For example, the 1916 film 20,000 Leagues Under the Sea was in its time a technical marvel, employing such prototypic techniques as intercut parallel story lines, underwater photography, a full-size prop submarine, and marvelous advances in false beard technology. But with its truncated bricolage of two distinct Jules Verne stories, the film scholar might argue that this movie is exemplary of the kind of cultural hegemony that developed, intentionally, ideologically and subtextually, causing the formative years of narrative film form to be mitigated by commercially-driven narrative interpellation, in which silent film planted the seeds of its own demise.

On the other hand, the casual contemporary viewer would be free to interpret the film as big, slow and dumb, much like 2005’s Poseidon only without the babes, and would be encouraged to strike the above scholar repeatedly with a copy of David Bordwell’s dense and compact text “On the History of Film Style.”

But there are many excellent silent movies, and I encourage you to rent as many as you are willing. The comedies are a good place to start, especially those that are funny, so look to the films of Hal Roach and Lo McCarey for a good variety, and seek out the slapstick of Chaplin, Keaton, Lloyd, Charley Chase, Laurel and Hardy, to get you going. But avoid French or German silent comedies, particularly those with clowns in them; they are not at all funny.

*

Larry SemonThe comedies of Larry Semon have often been considered, particularly by me, to be the worst of their time. Larry was a spectacularly ugly little man, with a pointy, horizontally-oriented face that seems made for comedy. Practiced in the gangly contortions of a burlesque pie-thrower, Larry lacked even a molecule of the subtlety of physical humor that his contemporaries had by the metric ton. Having no talent for sight gags, Larry resorted to mugging, endless, excessive, straight-at-the-camera mugging. Wearing a derby and clown-white makeup, Larry would wiggle his ears, grimace, look around a lot and pop his eyes open in surprise, delight, alarm, hunger, didn’t matter, he popped his eyes open like a thyroid patient six times a minute. Throughout all his cavorting, devilry, cut-ups, shenanigans and hideous, rubber-faced mugging, the only character that surfaced was Larry. He was a one-trick pony, the ‘twenties equivalent of Jim Carrey, and every bit as one-dimensional and annoying. Accordingly, Larry was hugely successful, making over a hundred films and becoming one of the most popular silent stars of the early twenties. So why isn’t he remembered? Because he simply was not funny. People often confuse “stupid” or “spastic” or even “violent” with “funny,” which is how we’ve ended up with the likes of Mr. Carrey, Adam Sandler, his flying monkey Rob Schneider, Robin Williams and, initially, Larry Semon.

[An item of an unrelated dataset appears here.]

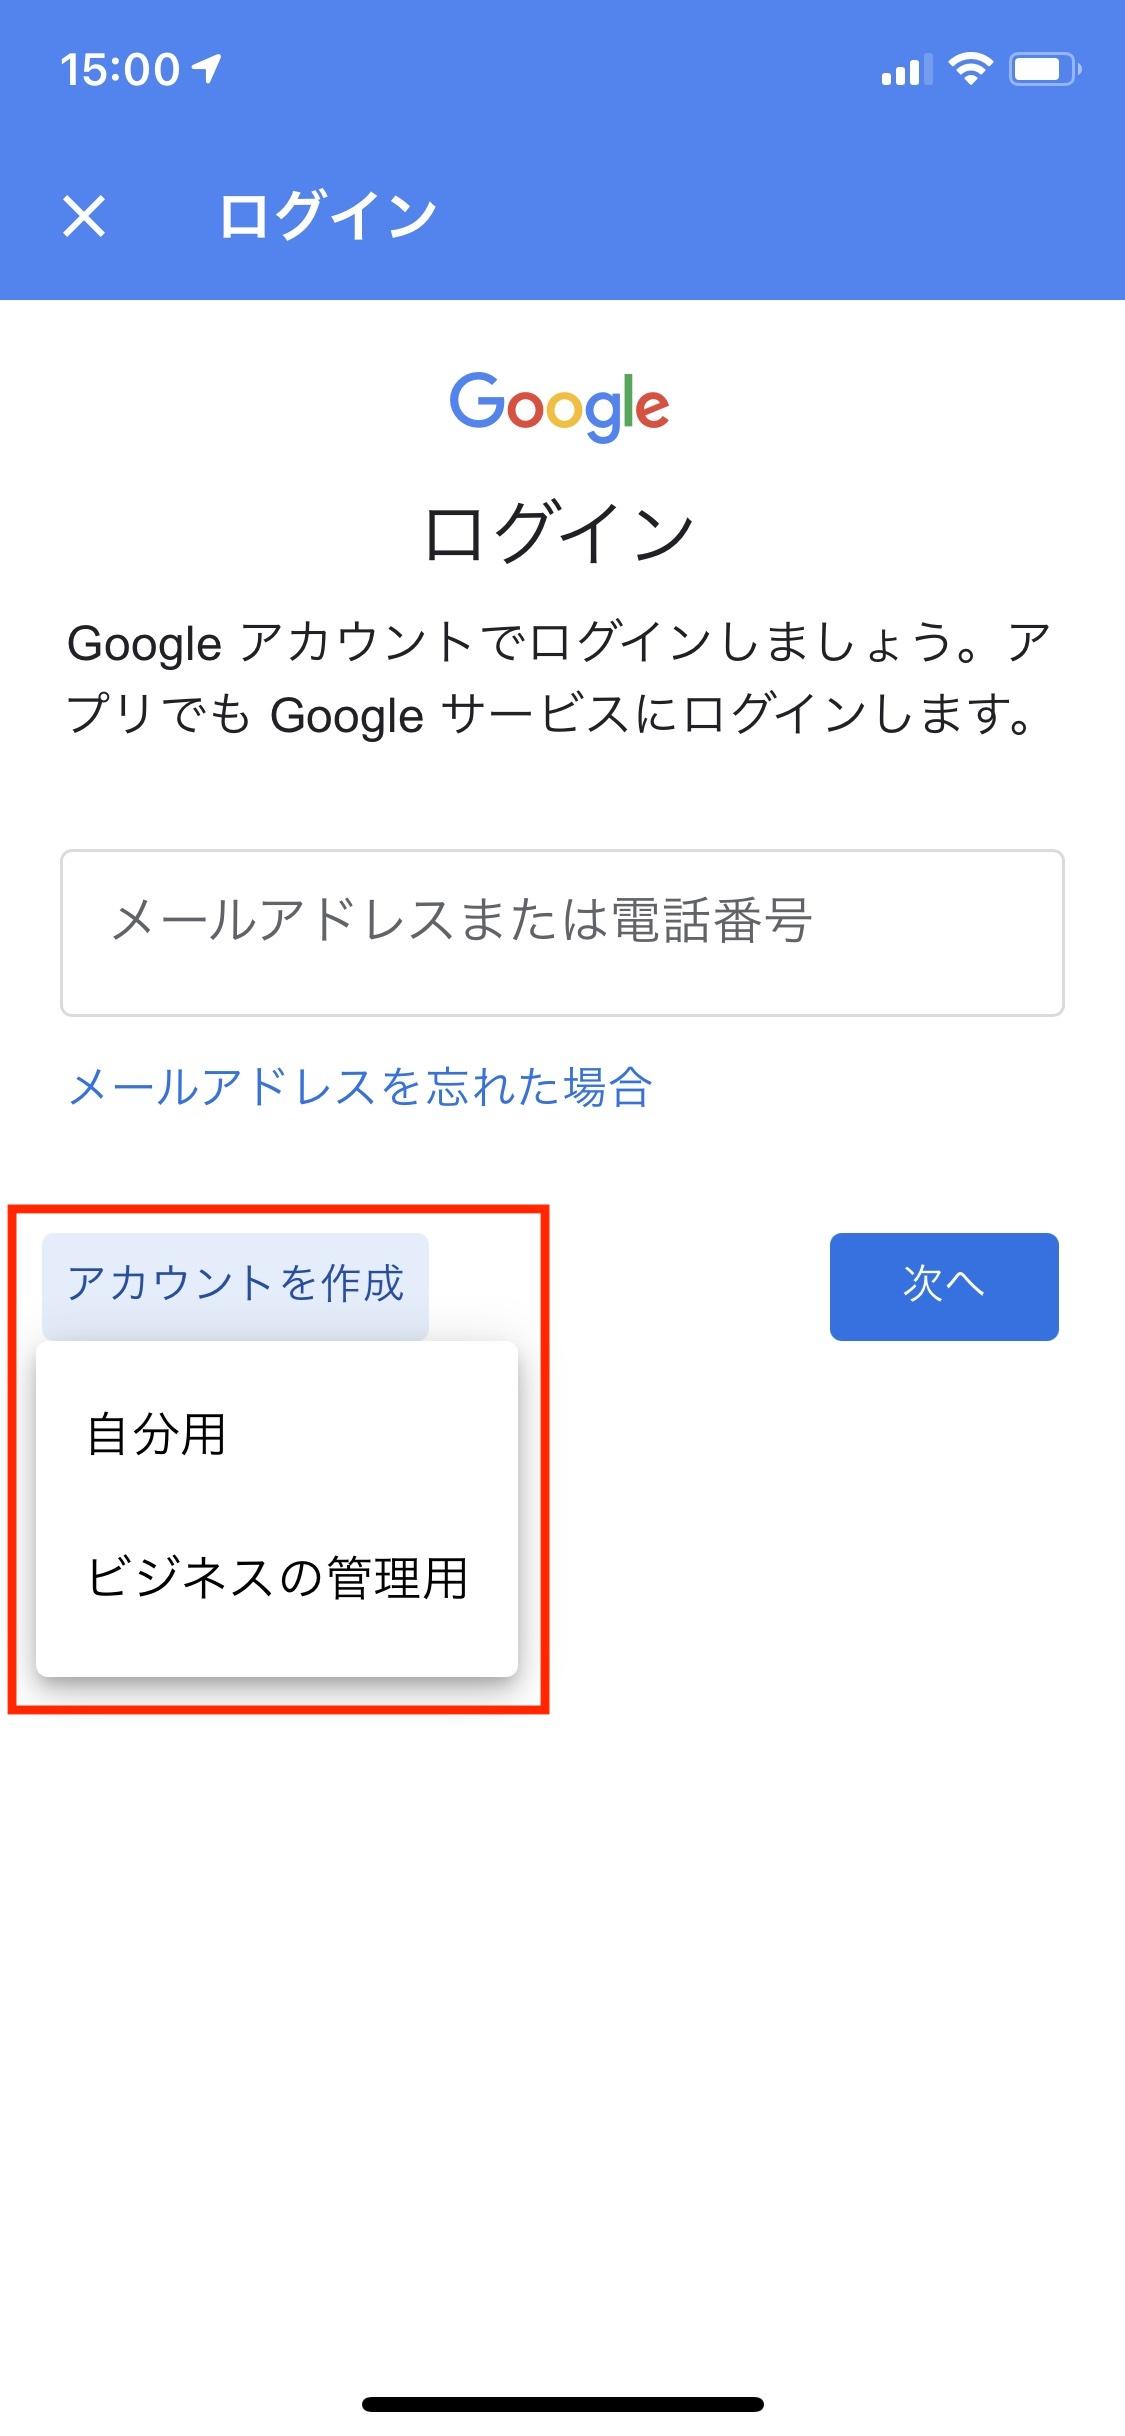 Google Chromeで『アカウントを作成』をタップした後の画面
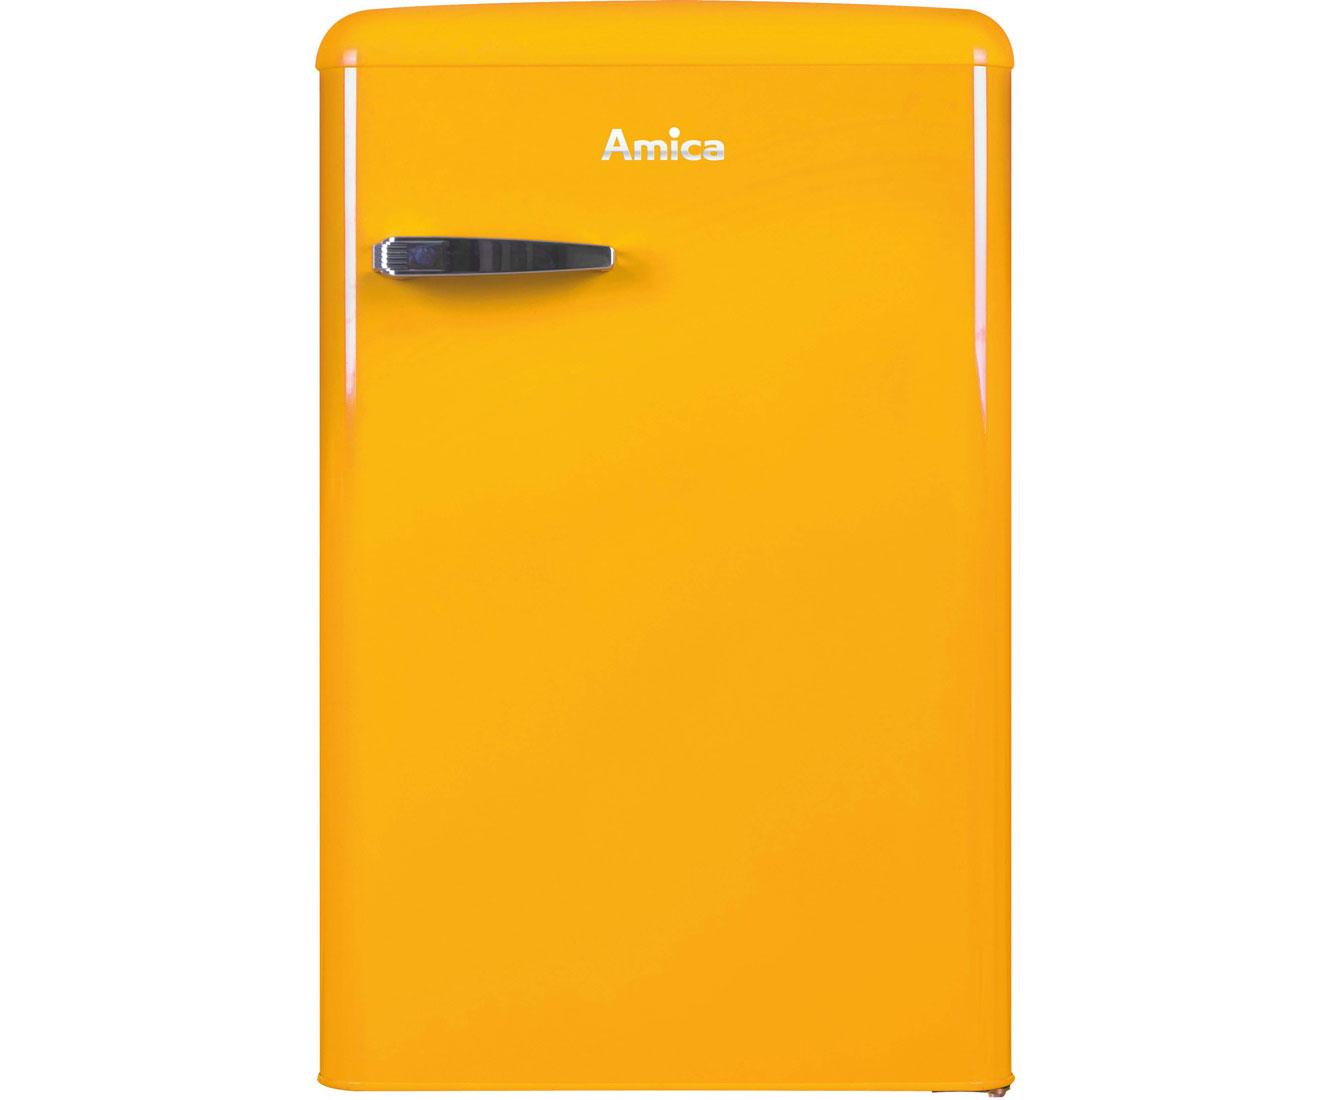 Retro Kühlschrank Pink : Amica retro design ks 15613 y kühlschrank mit gefrierfach gelb

So to the list of contenders I add Larry’s self-directed 1925 adaptation of The Wizard of Oz, which did to Baum's fable what Jim Carrey did to How the Grinch Stole Grinch – damn near ruined it. It's a mishmash of narrative elements that do away with the original story and serve to glorify the overreaching talents of Larry Semon. There’s a large assortment of characters invented or re-invented by Semon, not the least of which is an overtly sexual twenty-something Dorothy, tarted up like Betty Boop. We have a watermelon-chomping Steppin Fetchit-style character named Snowball, played by Spencer Bell, who was given the screen name “G. Howe Black.”

Snowball.

Beyond the cravenly mocking, frequently appalling humor at the expense of gender and race, Oz has a look and feel that would probably frighten kids todaymore than the Saw series; and naturally it has trainload after trainload of Larry mugging. But despite Oz’s near-perfect and seemingly endless loathsomeness, I believe Larry ought best be remembered for introducing the world to his one-time foil, Oliver Hardy, arguably the funniest straight man in the funniest double act in history. Which means, ultimately and within a larger context, Oz doesn’t make the cut.

*

Thomas EdisonSearching for the first truly bad American film is a challenge, as surprisingly there is not a great amount of commercial interest in releasing something that nobody wants to see, televisions's Cavemen being the exception that proves the rule. However, two courses of film study in college, decades of movie-watching and over three whole hours of research on the internet have revealed to me what I believe to be, officially, The First Bad Movie: Electrocuting an Elephant (1903). There's a quite crappy transfer of the film on YouTube.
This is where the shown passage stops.